O último relatório do Painel Intergovernamental de Mudanças
Climáticas (IPCC), divulgado há poucos dias (Estado, 30/3), alerta
exatamente para a vulnerabilidade de espécies terrestres e aquáticas, o
risco de que tenham de migrar ou se extingam diante dos impactos do
clima. E menciona especificamente a Amazônia brasileira, mas não apenas
ela, embora lembre que no espaço amazônico estão estocados 90 bilhões de
toneladas de carbono (na seca de 2005 foram liberados 5 bilhões de
toneladas).
Outros estudos estão apontando para os impactos do clima nas
populações de polinizadores, principalmente abelhas, das quais depende
cerca de 10% da produção agrícola mundial, perto de US$ 212 bilhões
anuais (30/3). Os polinizadores estão sendo afetados principalmente
pelas mudanças no uso da terra, secas, inundações. Áreas particularmente
atingidas são as de produção de verduras e frutas. E a perda da
biodiversidade originária – estudo da Natura (17/3) – pode ser muito
problemática, já que um hectare de palmeiras de dendê produz 200% mais
óleo de palma do que um hectare de sistema agroflorestal. No mundo todo,
afirma o economista indiano Pavan Sukhdev, o custo da perda da
biodiversidade pode chegar a US$ 4,5 trilhões por ano.
Os dramas do clima e cenários soturnos não são para o fim do século,
estão acontecendo agora em todos os continentes e oceanos – lembra texto
de Giovana Girardi neste jornal (29/3). E podem desacelerar o
crescimento econômico, dificultar a redução da pobreza e a segurança
alimentar. O cientista José A. Marengo enfatiza a necessidade de correr
com programas de adaptação – mas deixando claro que não há uma fórmula
única, depende de cada lugar, de seus problemas e possibilidades
específicas. Todavia já são evidentes os riscos de savanização de várias
áreas.
O conservador e prudente jornal britânico The Guardian chega a
discorrer sobre estudo do Centro Espacial Goddard, da Nasa, segundo o
qual “a civilização industrial global pode entrar em colapso nas
próximas décadas” por causa do “consumo insustentável de recursos e da
distribuição desigual da renda” – cada vez maior. Não seria a primeira
vez na História do mundo, observa o jornal, citando o desaparecimento de
civilizações como as de Roma e da Mesopotâmia. Tecnologia, apenas, não
resolverá. O desfecho, contudo, não é inevitável, “dependerá de
políticas adequadas” (14/3).
Uma dessas políticas terá como missão encontrar formatos adequados
para expandir em 60% a produção global de alimentos até 2050 sem ampliar
os problemas da água (a agricultura já usa 70% do total), da
desertificação (mais 60 mil km2 por ano), do consumo de recursos
naturais acima (pelo menos 30%) da capacidade de reposição. Em outra
área, diz o World Economic Forum que serão necessários investimentos
anuais de US$ 6 trilhões, ao longo de quase duas décadas, para
estabelecer uma “economia de baixo carbono”. Mas como se fará para
eliminar, por exemplo, o subsídio ao consumo de combustíveis fósseis –
petróleo, principalmente -, uma das fontes mais poluidoras?

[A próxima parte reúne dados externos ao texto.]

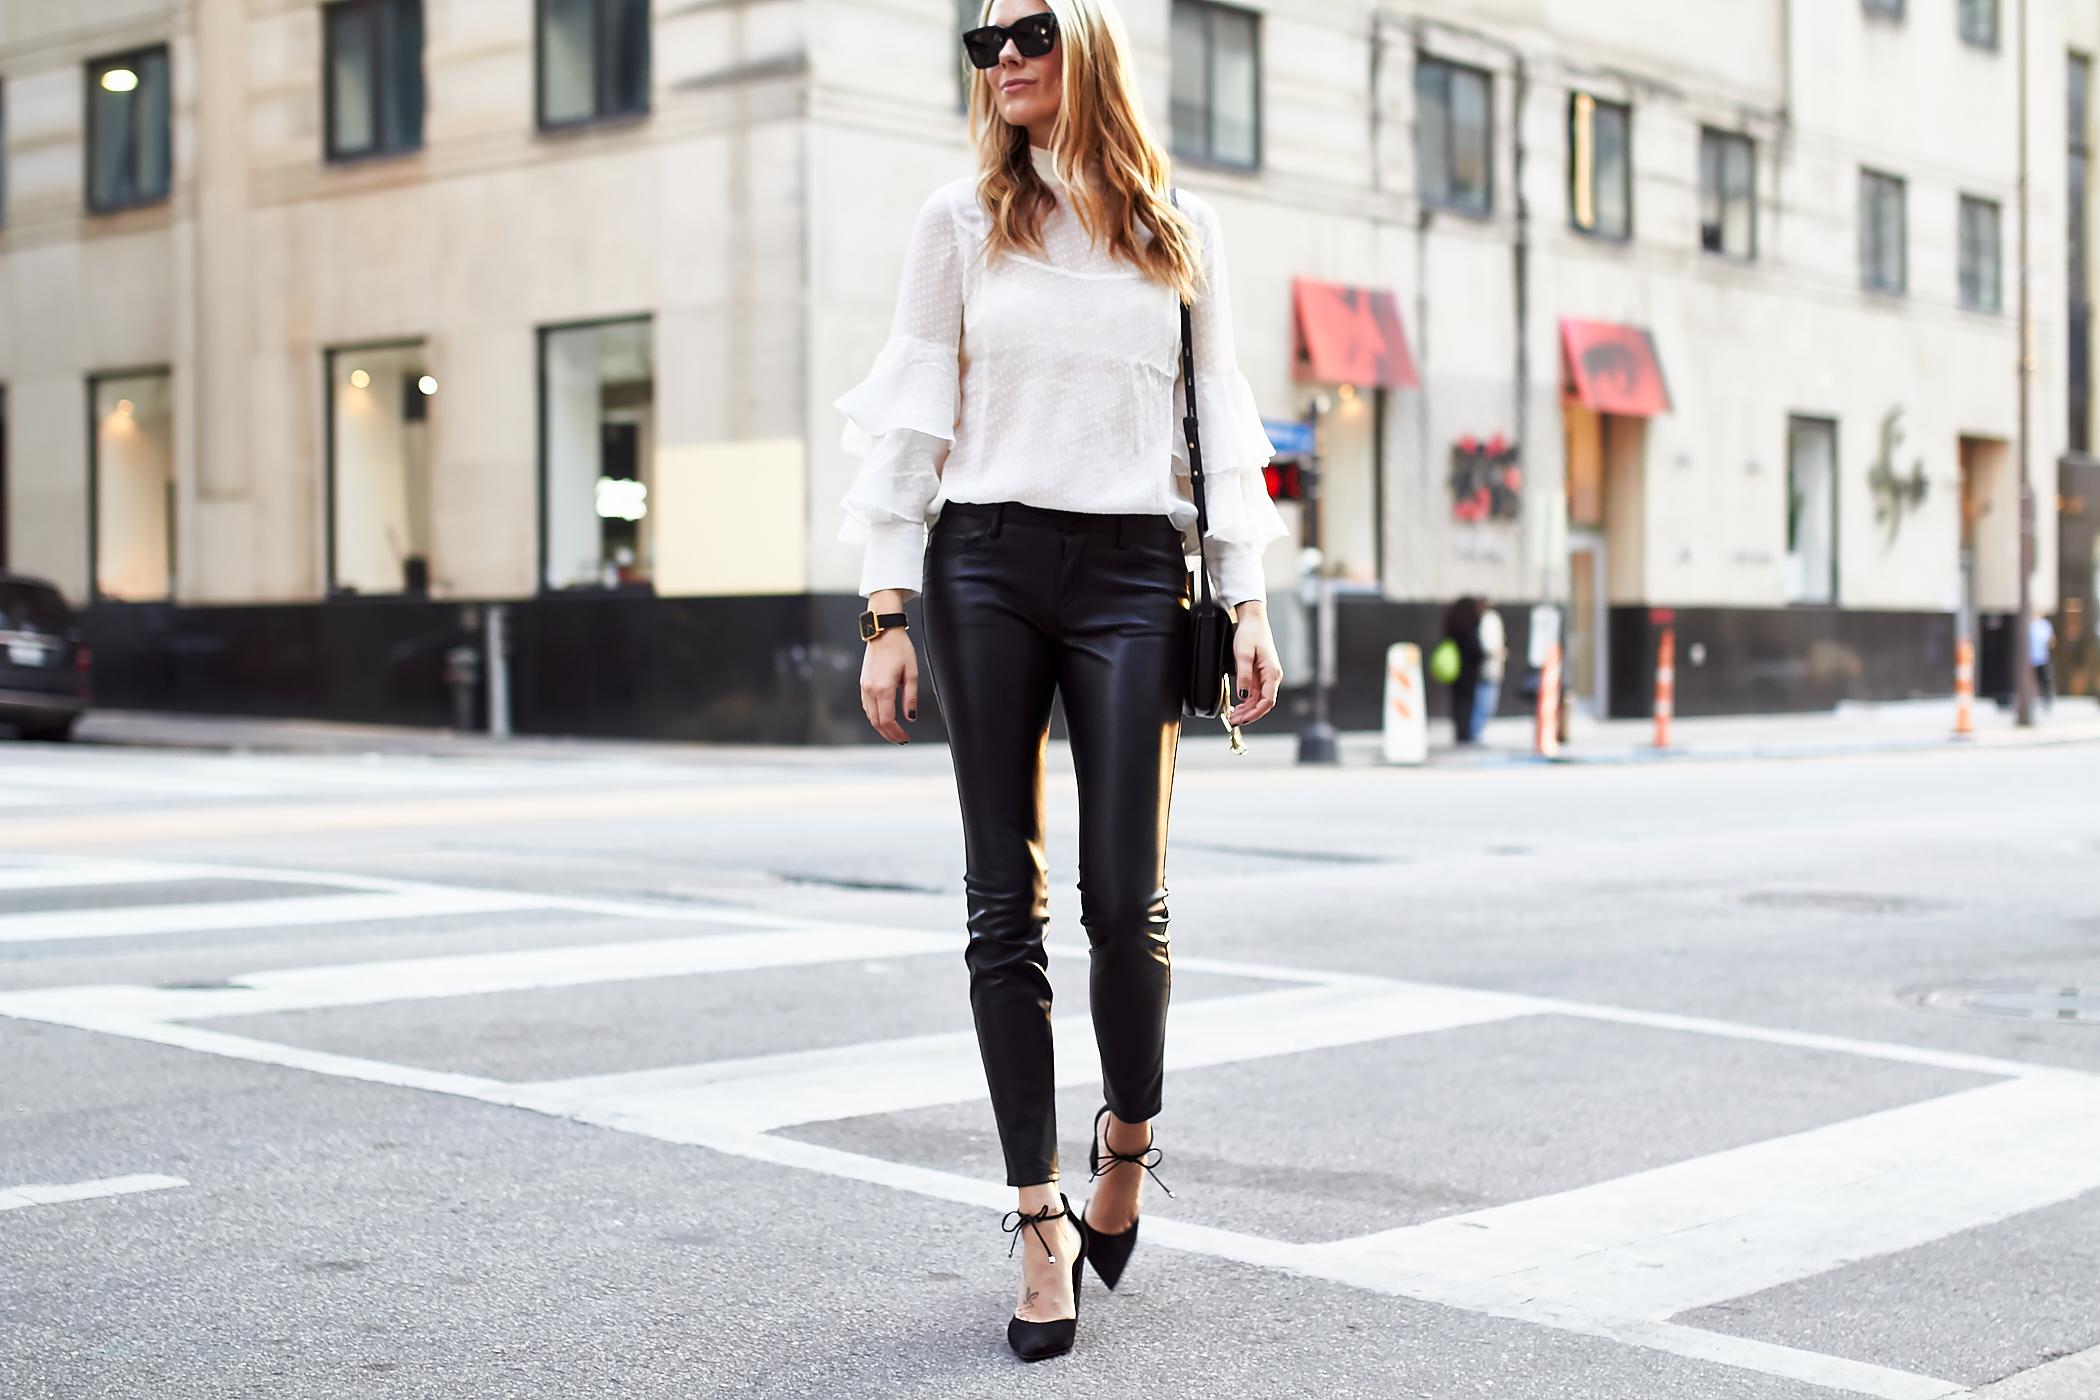 fashion-jackson-white-ruffle-sleeve-blouse-black-faux-leather-skinny-pants

Diz o governo brasileiro que em 2010 a redução do desmatamento no
Brasil produziu uma queda de emissões maior que a do total dos países
desenvolvidos. Isso foi consequência dos esforços para reduzir o pico do
desmatamento na Amazônia. Porém ainda não chegamos a reduções mais
fortes em outras áreas (transportes, indústria e agricultura,
principalmente).
Um dos problemas está exatamente na falta de avanços na implantação
do novo Código Florestal. E uma das questões mais fortes está em que,
dois anos depois da nova legislação, ainda não se implementou o Cadastro
Ambiental Rural (jornal Valor Econômico, 27/3), que permitiria
identificar em cada propriedade áreas de preservação obrigatória da
vegetação, reservas legais e desobediências à lei. Os decretos de
regulamentação do novo código também estão parados. E com tudo isso,
como afirmou o Valor, “o Código Florestal continua no papel”, embora
haja 5,4 milhões de imóveis rurais no País.
Paralelamente, as unidades federais administradas pelo Instituto
Chico Mendes não têm dinheiro para nada. O Brasil, segundo as
Universidades Yale e de Columbia, está em 71.º lugar entre 178 países em
termos de “ameaças à natureza” e proteção à saúde humana (Instituto
Carbono Brasil, 29/1).
O secretário-geral das Nações Unidas, Ban Ki-moon, espera que os
países cheguem a um acordo sobre o clima em setembro, mas não há nada
concreto à vista. E o experiente Nicholas Stern, consultor do Reino
Unido, alerta: “Sabemos o que está acontecendo. Mas nada fazemos” (UN
News, 21/3).
Washington Novaes é jornalista.
Fonte:O Estado de S. Paulo.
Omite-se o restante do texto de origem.